With Cast21, the messy and time-consuming process of cast setting is reduced to a less-than-ten minute procedure. As for how one would go about getting one of these stylish casts, the physician starts by measuring the damaged limb with a flexible measuring tape. After selecting the correct size for the patient, they slide a flexible, slightly padded sleeve onto the individual's arm. The physician then mixes a duo of patented liquid resins and pours the mix into the empty sleeve using a valved nozzle.


Once the sleeve is full, it takes about three minutes for the liquid to turn into a malleable gel, after which the doctor molds the product to fit the patient's limb.
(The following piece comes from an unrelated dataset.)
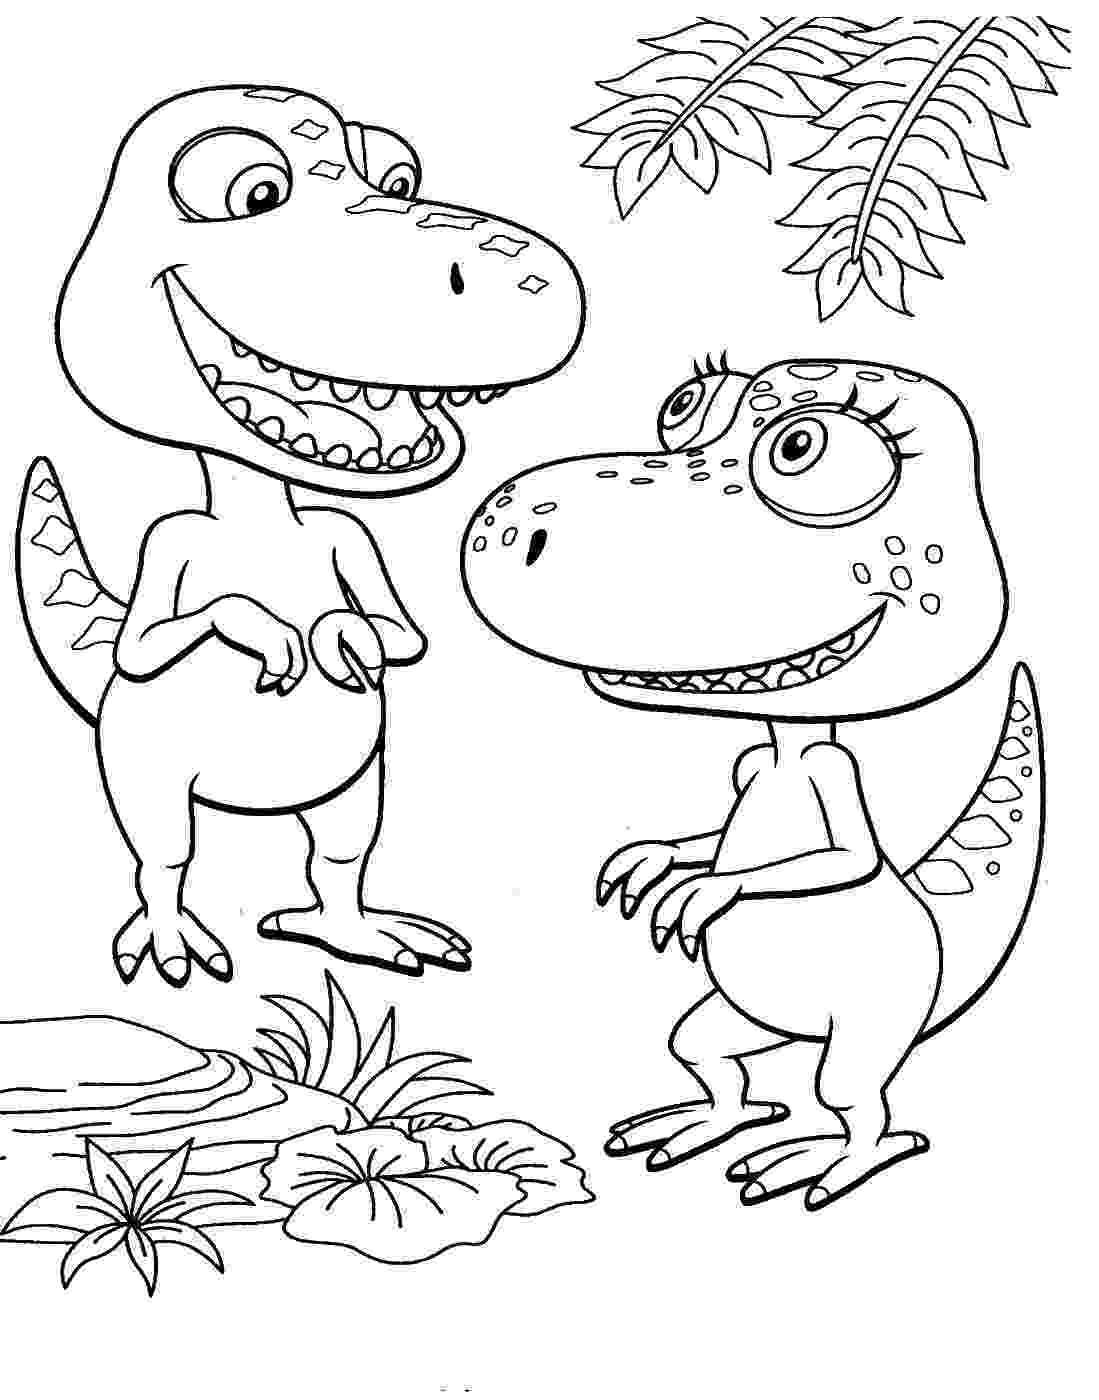 dinosaur sheets free printable dinosaur coloring pages for kids sheets dinosaur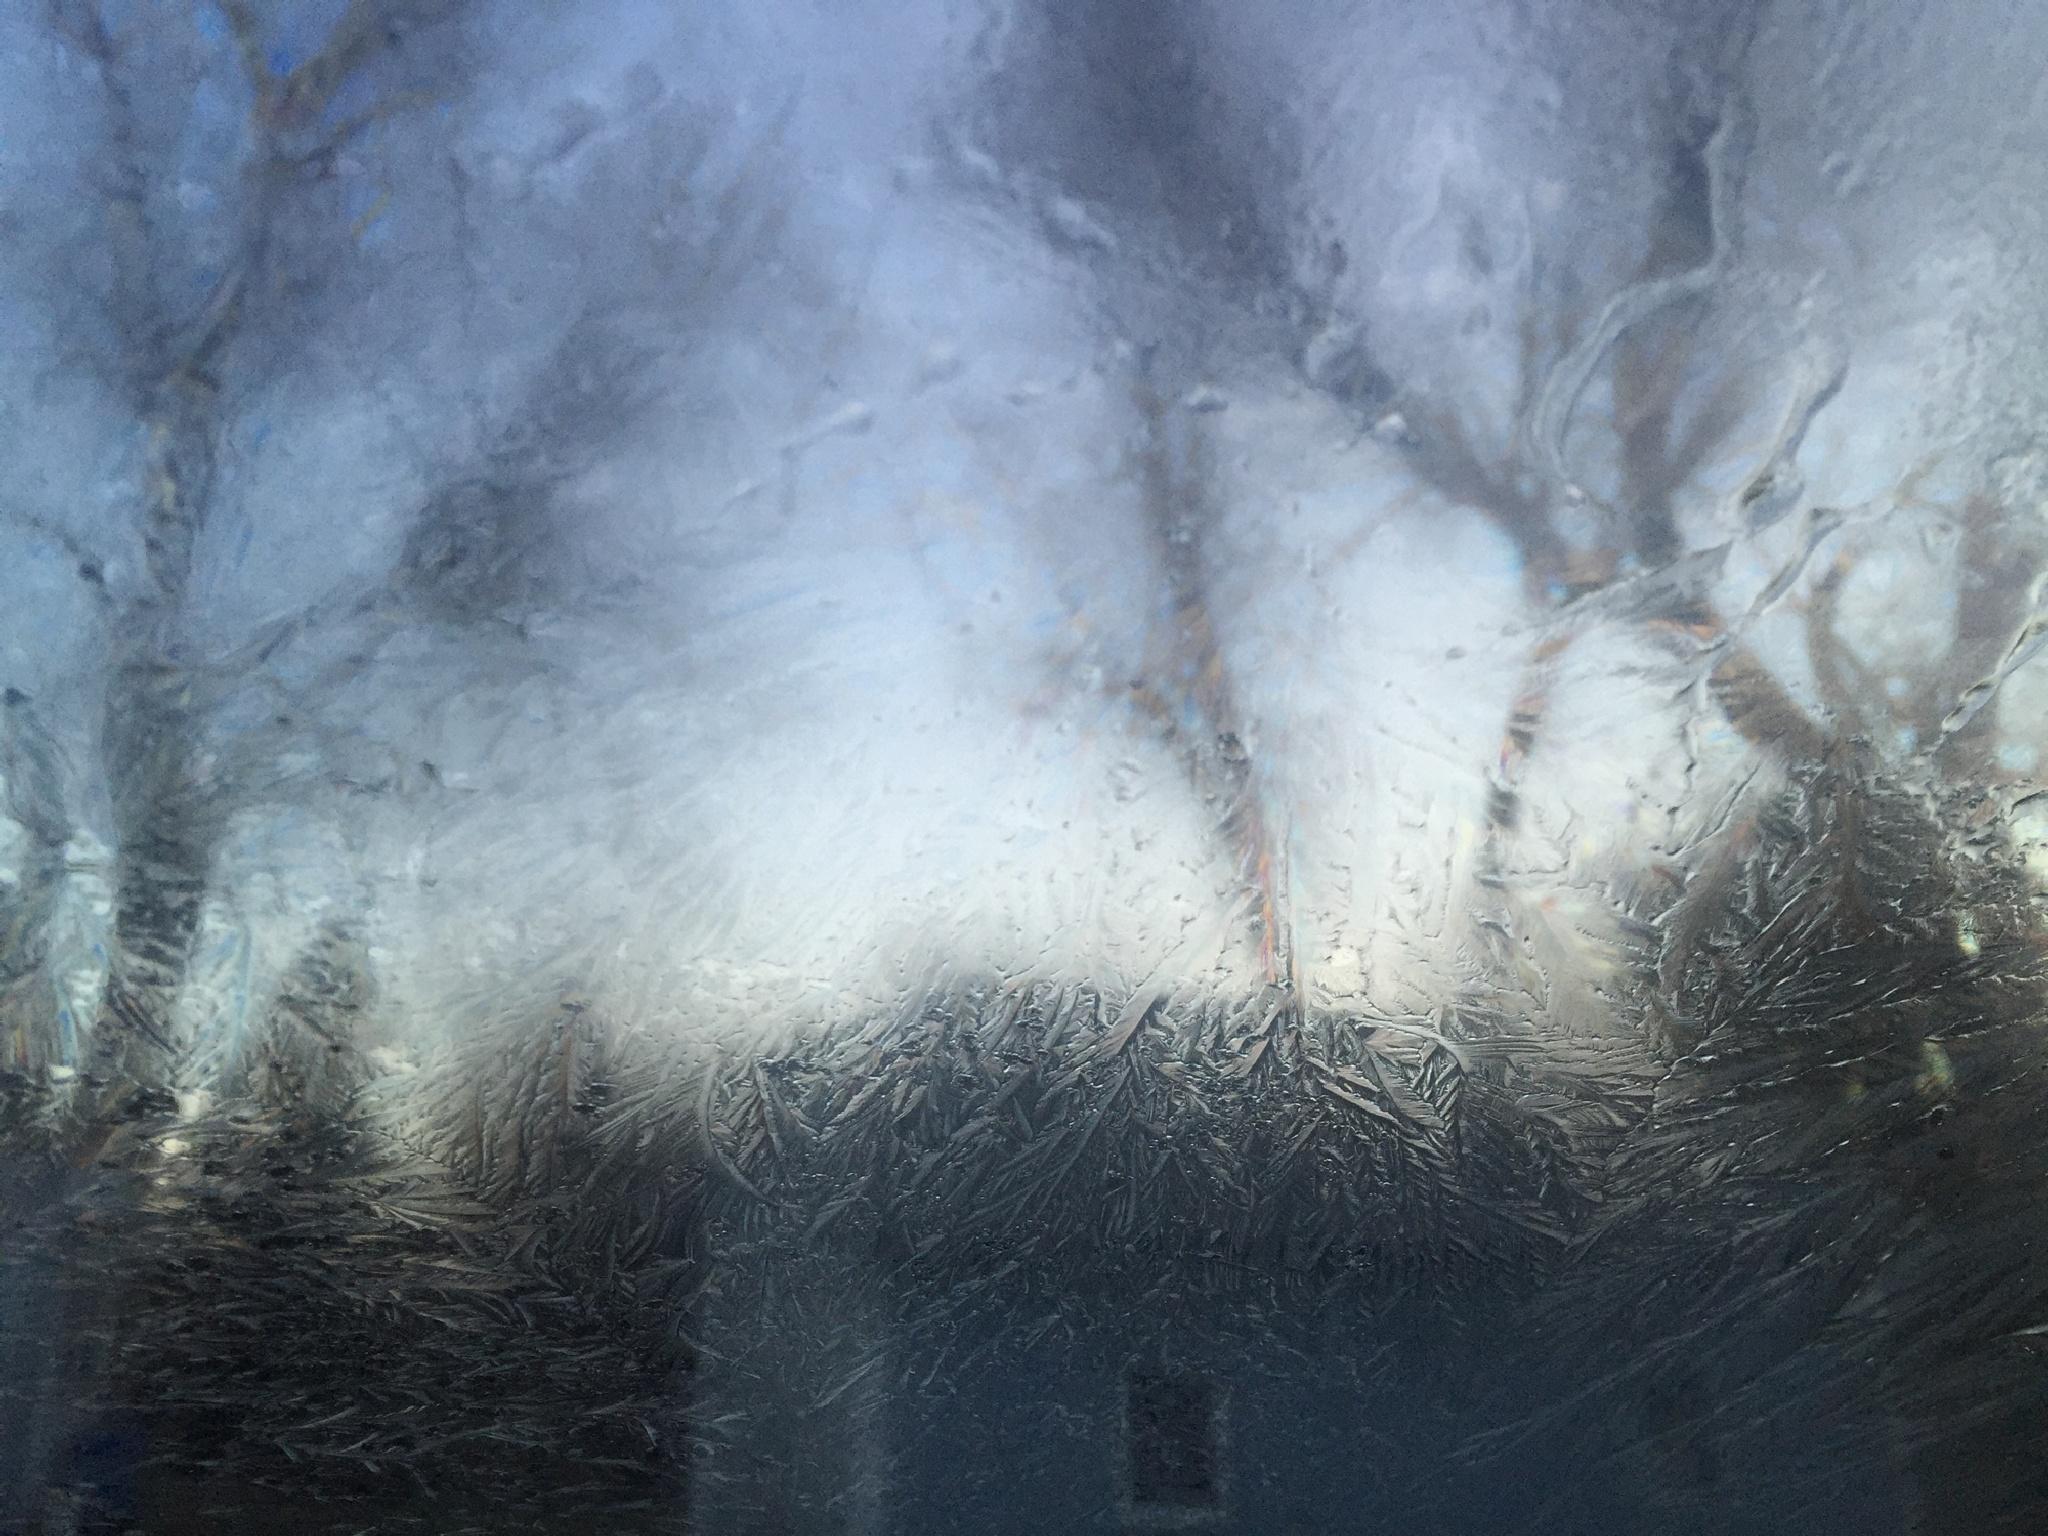 Frosty fog by cboehlkejr

You then wait five to seven more minutes for it to completely harden. If the easy cast setting process and the stylish yet functional design aren't impressive enough, perhaps the fact that you won't have to face a circular saw to get it off might do the trick. "The majority of fractures happen in children, adolescents and the elderly. Those saws are very loud and all this debris flies off and it's very messy, it can be extremely frightening. The cast saw also presents a risk of burns to the patient," said Hogg.


"Our product does not require that at all. It's designed so that a physician can take clinical shears, snip through the tabs and pull it open easily. It was designed to completely eliminate the use of a cast saw and make the healing process far more pleasant for the patient," she added. Speaking of the setting process, Hogg revealed that there is no pain associated with the device's hardening. Moreover, the exothermic heat produced as it hardens could even be beneficial. "It feels soothing. It reaches about the same temperature as a hot tub," she said.


"Another bonus is that no electricity or water is needed to apply our cast, so it's very portable. It has the potential for use in the military and for at-home first aid. I'm from Colorado and I like to go hiking, the equipment needed to administer our cast is so small and lightweight that hikers and climbers could carry it with them in their backpacks," Hogg added. Unfortunately, Cast21's innovative product isn't available to the public yet. As of now, the company only has a forearm model designed in a medium-size and hopes to expand their sizing and create casts for the lower legs in the near future.


"The idea is to prove that this technology works right now, we are past the prototype stage and have a fully functioning model in place for the forearm. We hope this technology can span across the entire body. We are looking forward to having a lower limb model for ankle fractures soon. With the technology, we can also do a longer arm model or a model that goes up to the fingers as well," said Hogg. As for how much it would cost, she revealed that the aim is to make it as accessible as possible. "We want it to be competitive, and reachable to a large population. We don't want this to be a luxury product. We are still conducting research in price sensitivity, and the final cost to the patients will be depending on their insurance and doctor," she said.